V-2nd. Under the Street

Scott Drake sdrake at sfu.ca
Sun Jun 27 15:05:07 CDT 2010


sure metaphor for the unconscious...but the sewer is also a material place that allows for and sustains the appearance of the urban street.  keeps the shit out, no?  if benny's descending into anything it is not simply his own individual unconscious, but the city's, which has a material form.  I mean benny actually goes down there it isn't fantasy in the novel, right?  the gators are tied into an economic order, bought first of all by kids from Macy's.  they are both the product of capitalism and its consumer because they inevitably feed on themselves (if the product becomes the waste--"Some had turned cannibal").  their required management by the Department sets up a kind of bureaucracy tasked with keeping the real effects of capitalist production ("or had fled in terror") from reaching the Street at the same time as it keeps "undesirables" (unemployed) visibly off the street?

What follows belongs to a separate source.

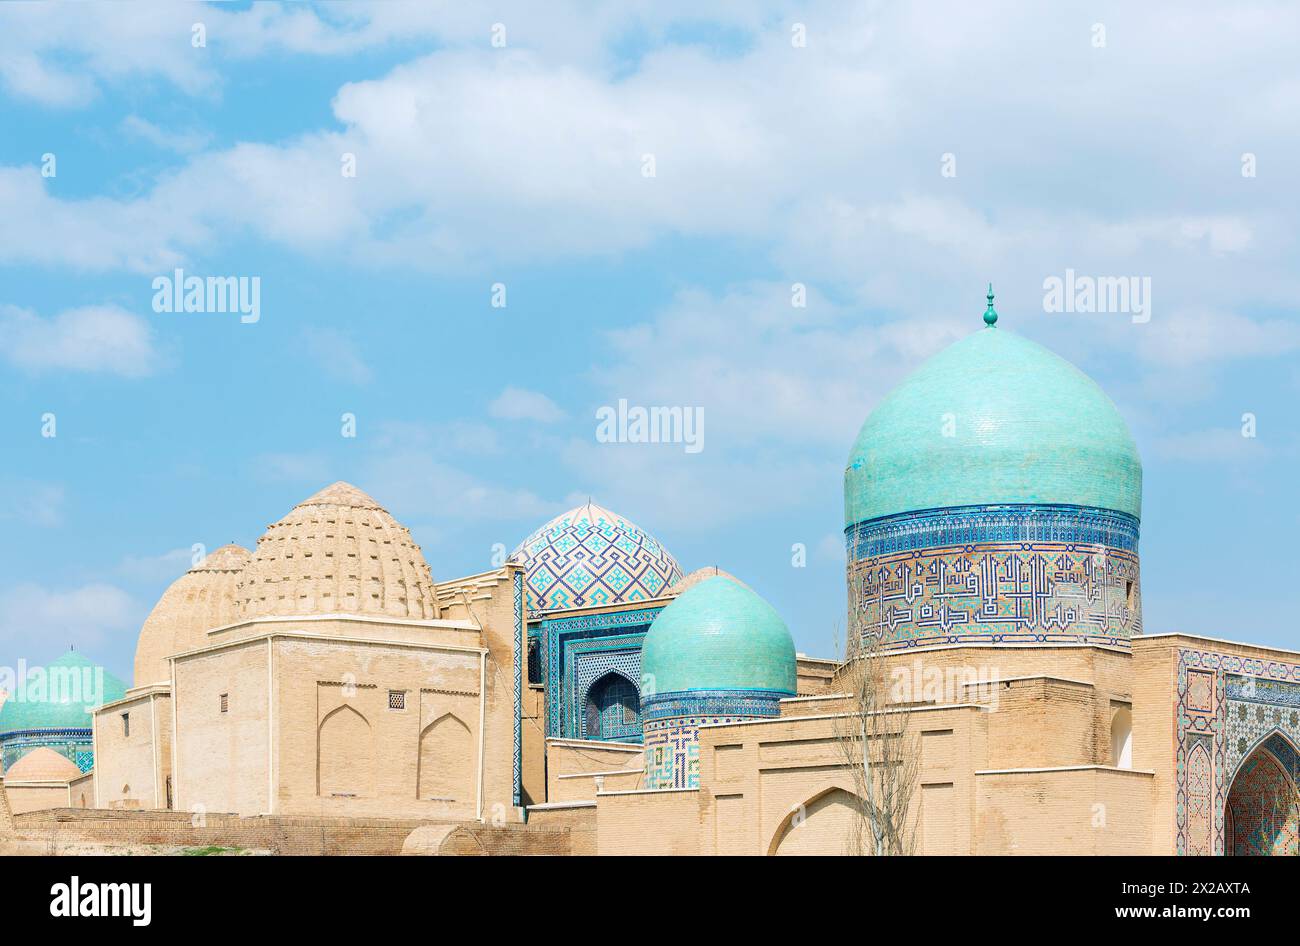 Splendida vista dello Shah-i-Zinda Ensemble a Samarcanda, Uzbekistan. Mausolei decorati con piastrelle blu con disegni. La necropoli è un touri popolare Foto Stock
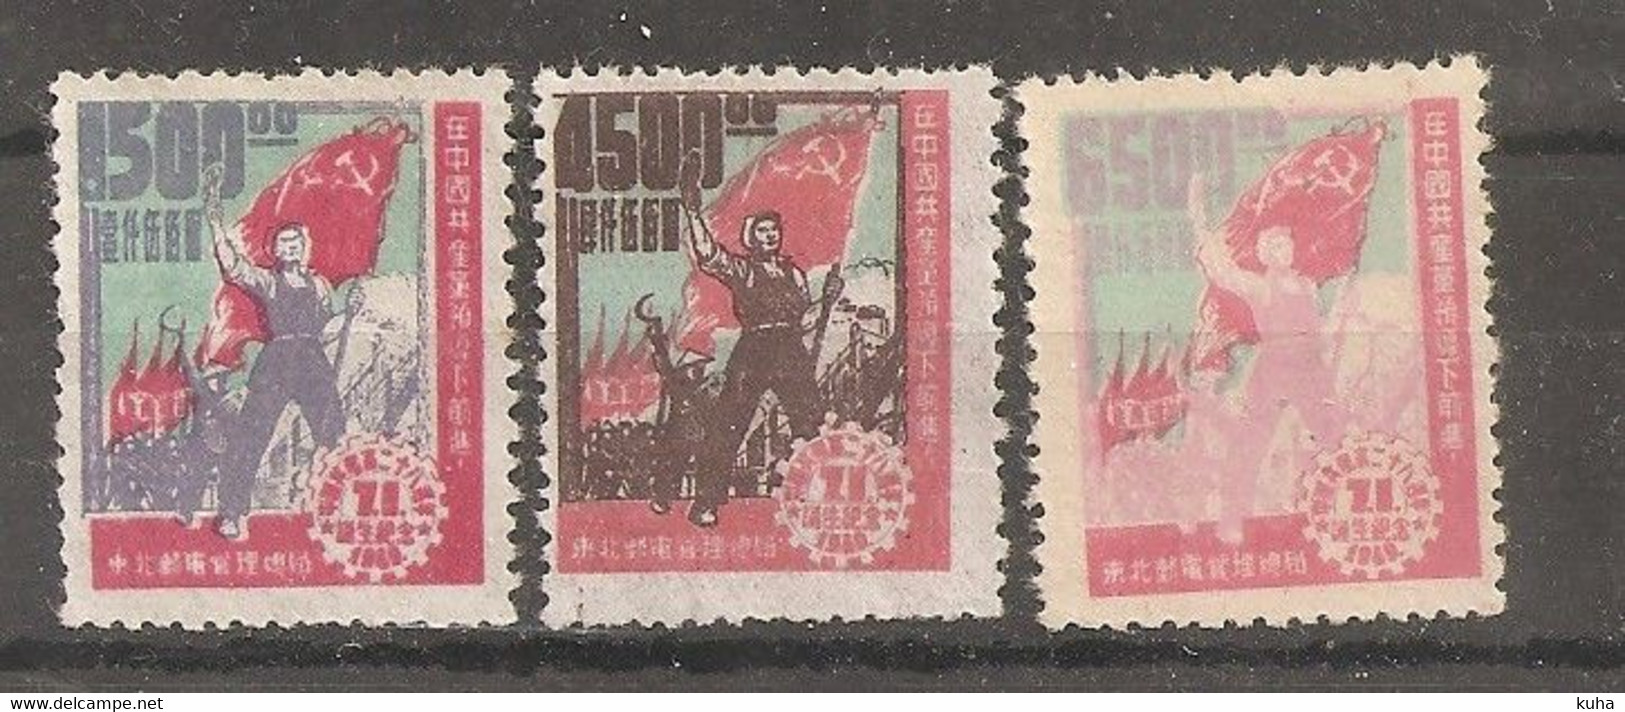 China Chine  Nord China 1949 - Chine Du Nord 1949-50

----- Original Message -----
From: "Mark Kohut" <markekohut at yahoo.com>
To: "pynchon -l" <pynchon-l at waste.org>
Sent: Sunday, June 27, 2010 6:06:29 AM GMT -08:00 US/Canada Pacific
Subject: V-2nd. Under the Street

Benny, who can never be at home on the Street, can perhaps hunt alligators under it. Metaphor for
the unconscious, the descent into-----Cf. Joe Campbell sez Grant of the Companion--- the psychic underbelly, the preterite feelings, so to speak? Or, as 
Tony Tanner adds....a parody of the Jungian descent into the dangerous, dream, fantasy underworld of the mind?   Where the artist must go.

Jump in w responses...the sewer is fine. 

Alligators are only native to America and China....but sometimes a baby alligator is just a wild creature that gets into sewers.